▸ Information supplied
▬▬▬▬▬▬▬▬▬▬

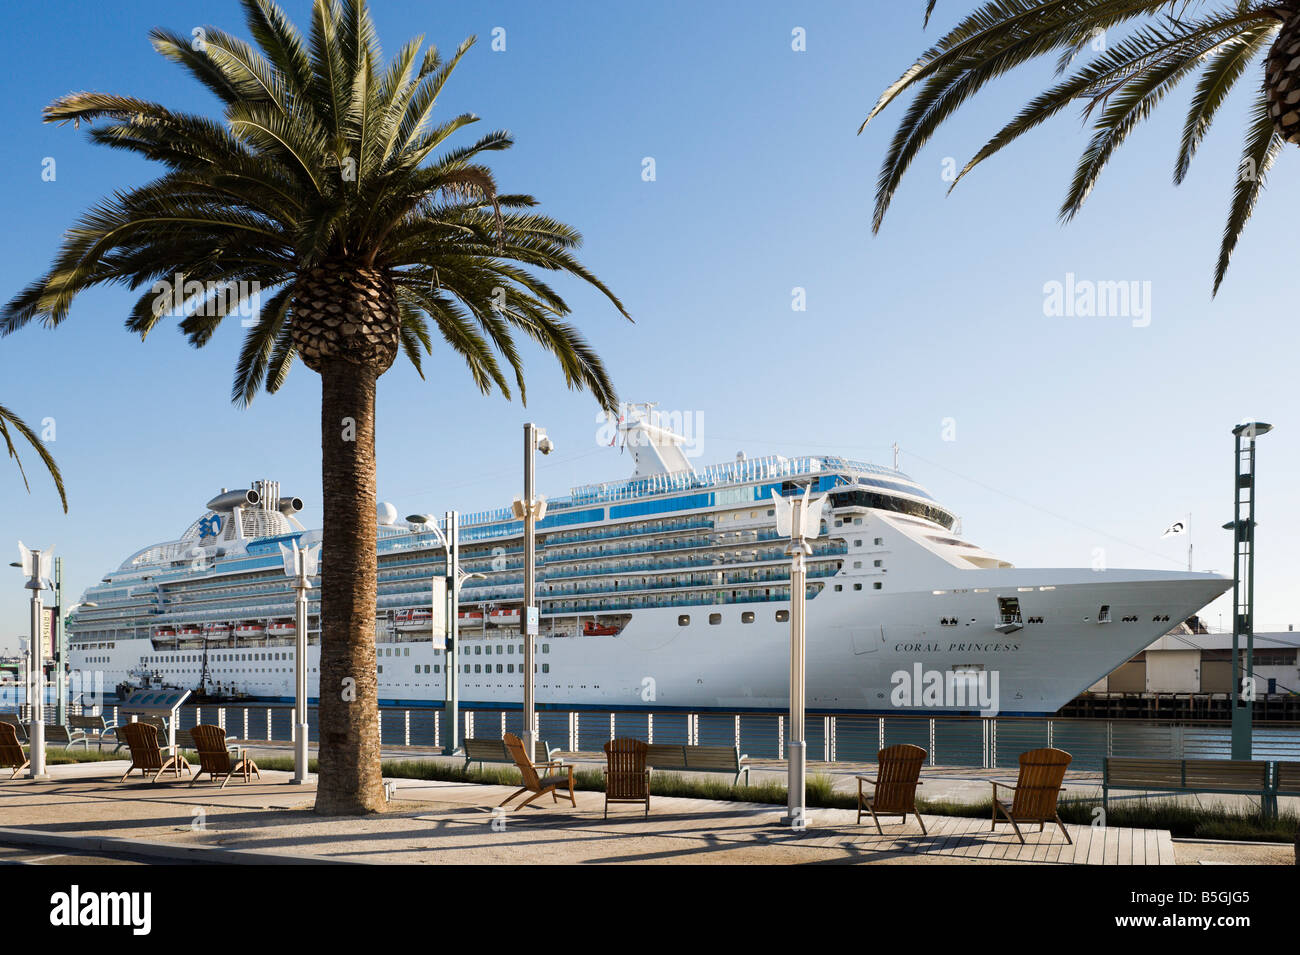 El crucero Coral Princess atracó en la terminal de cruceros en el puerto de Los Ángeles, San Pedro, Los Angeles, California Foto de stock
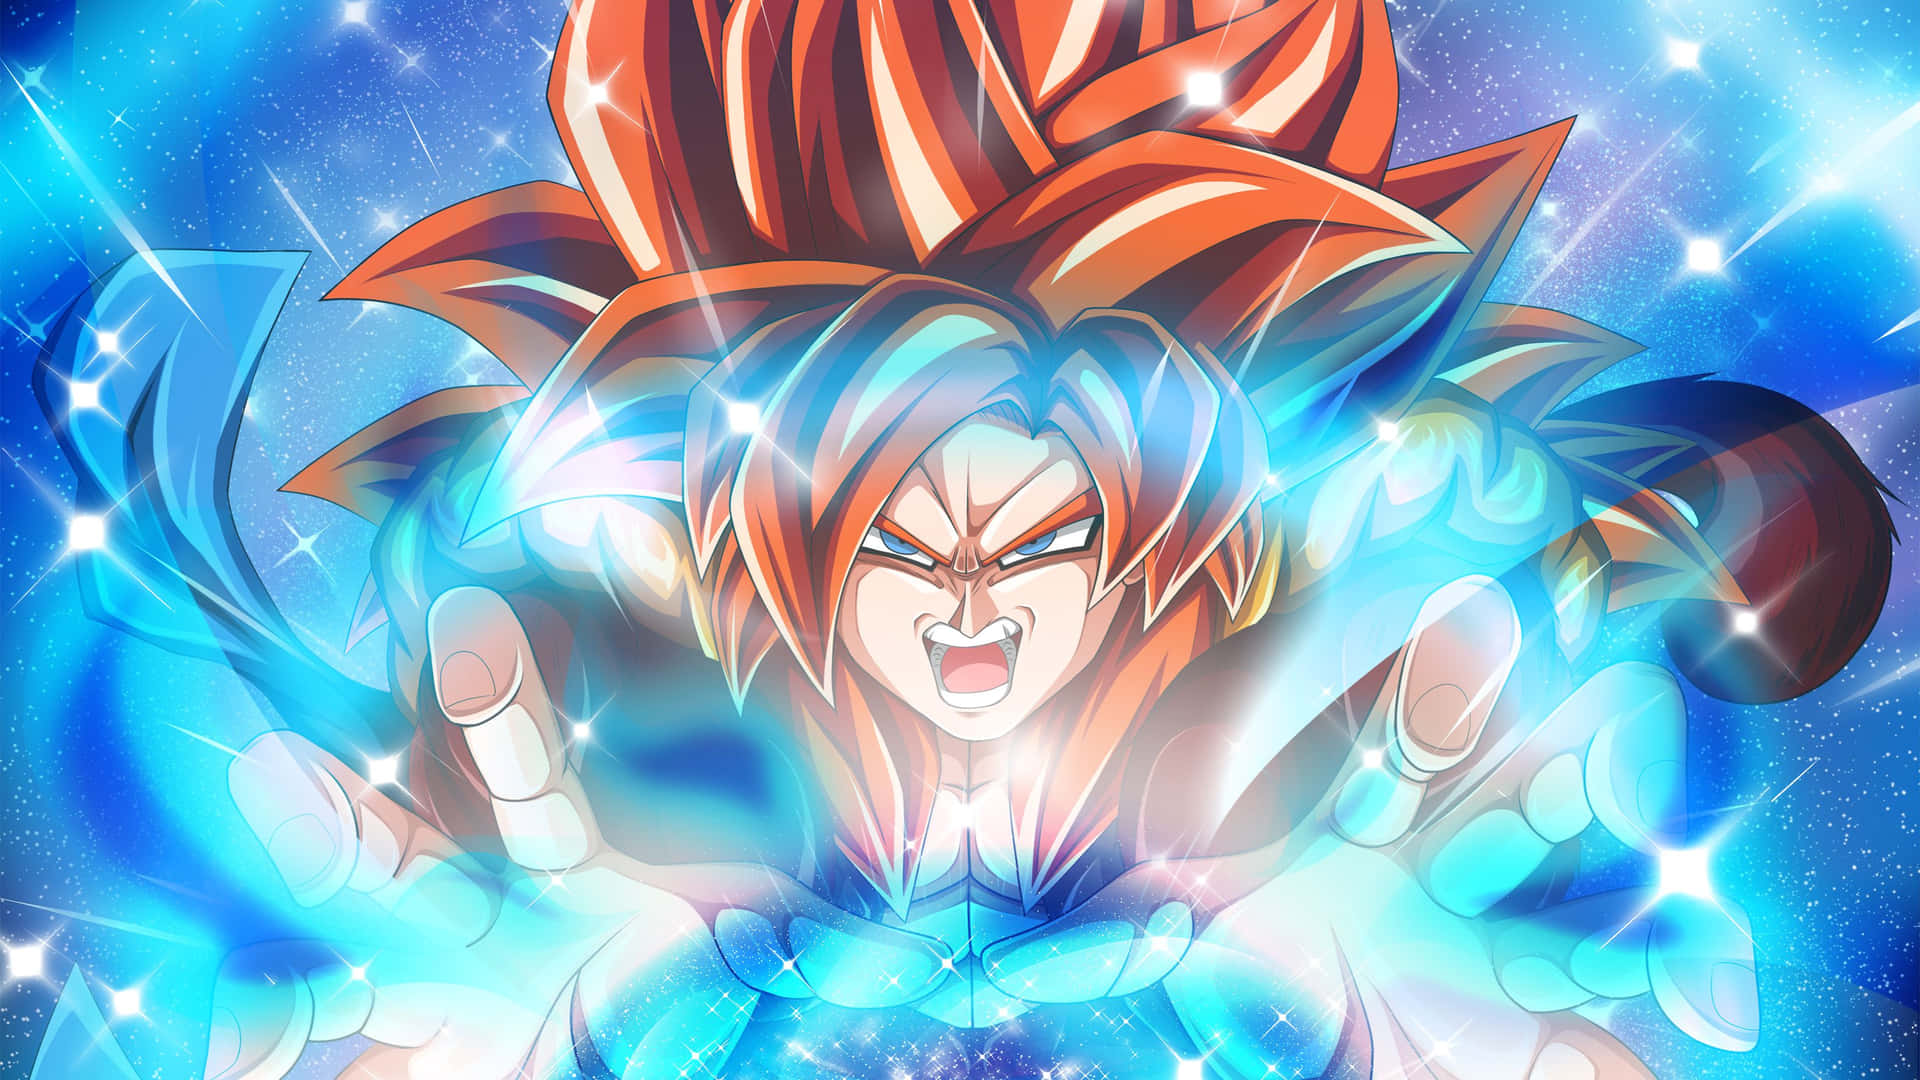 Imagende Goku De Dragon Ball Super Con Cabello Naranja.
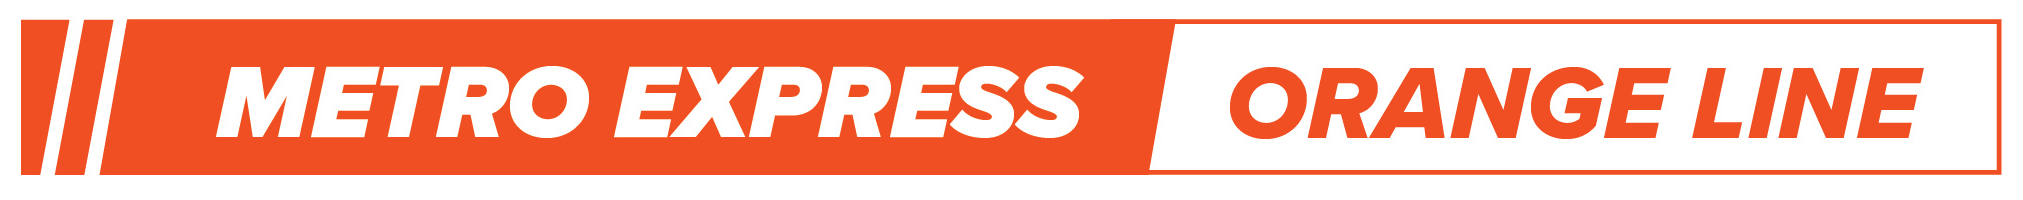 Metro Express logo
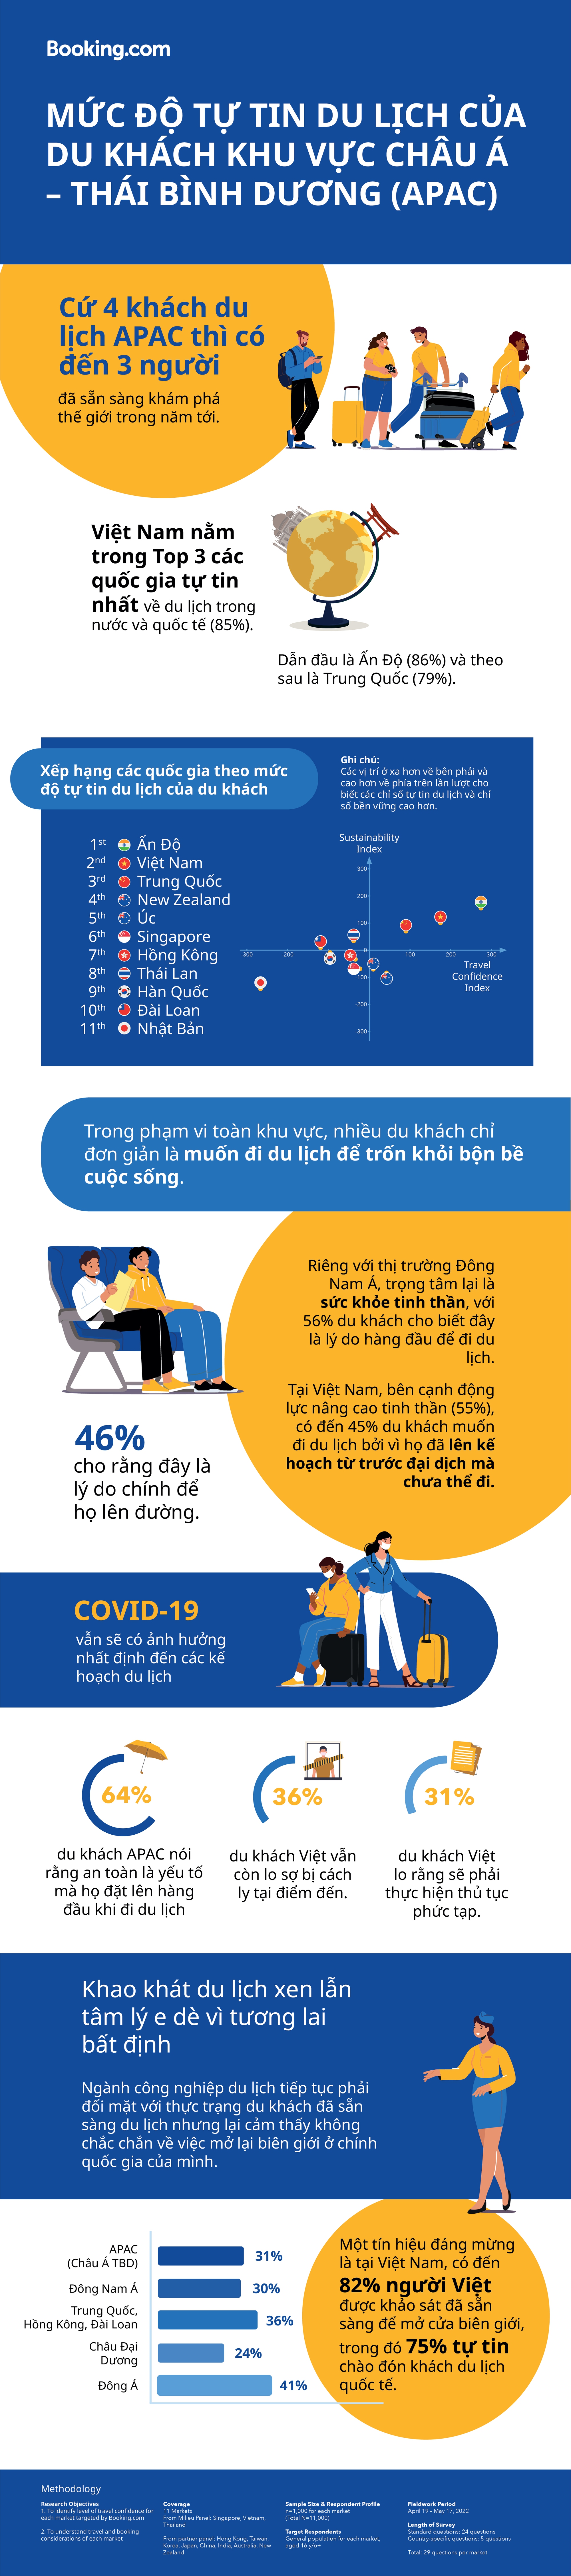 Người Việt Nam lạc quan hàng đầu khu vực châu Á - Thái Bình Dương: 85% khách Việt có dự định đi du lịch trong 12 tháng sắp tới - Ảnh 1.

▬▬▬▬▬▬▬▬▬▬

▸ Exercise aim
Word for word, repeat all the data, but not its images.

▸ Answer for the task
 El crucero Coral Princess atracó en la terminal de cruceros en el puerto de Los Ángeles, San Pedro, Los Angeles, California Foto de stock
 Imagende Goku De Dragon Ball Super Con Cabello Naranja.
 Metro Express logo
 Người Việt Nam lạc quan hàng đầu khu vực châu Á - Thái Bình Dương: 85% khách Việt có dự định đi du lịch trong 12 tháng sắp tới - Ảnh 1.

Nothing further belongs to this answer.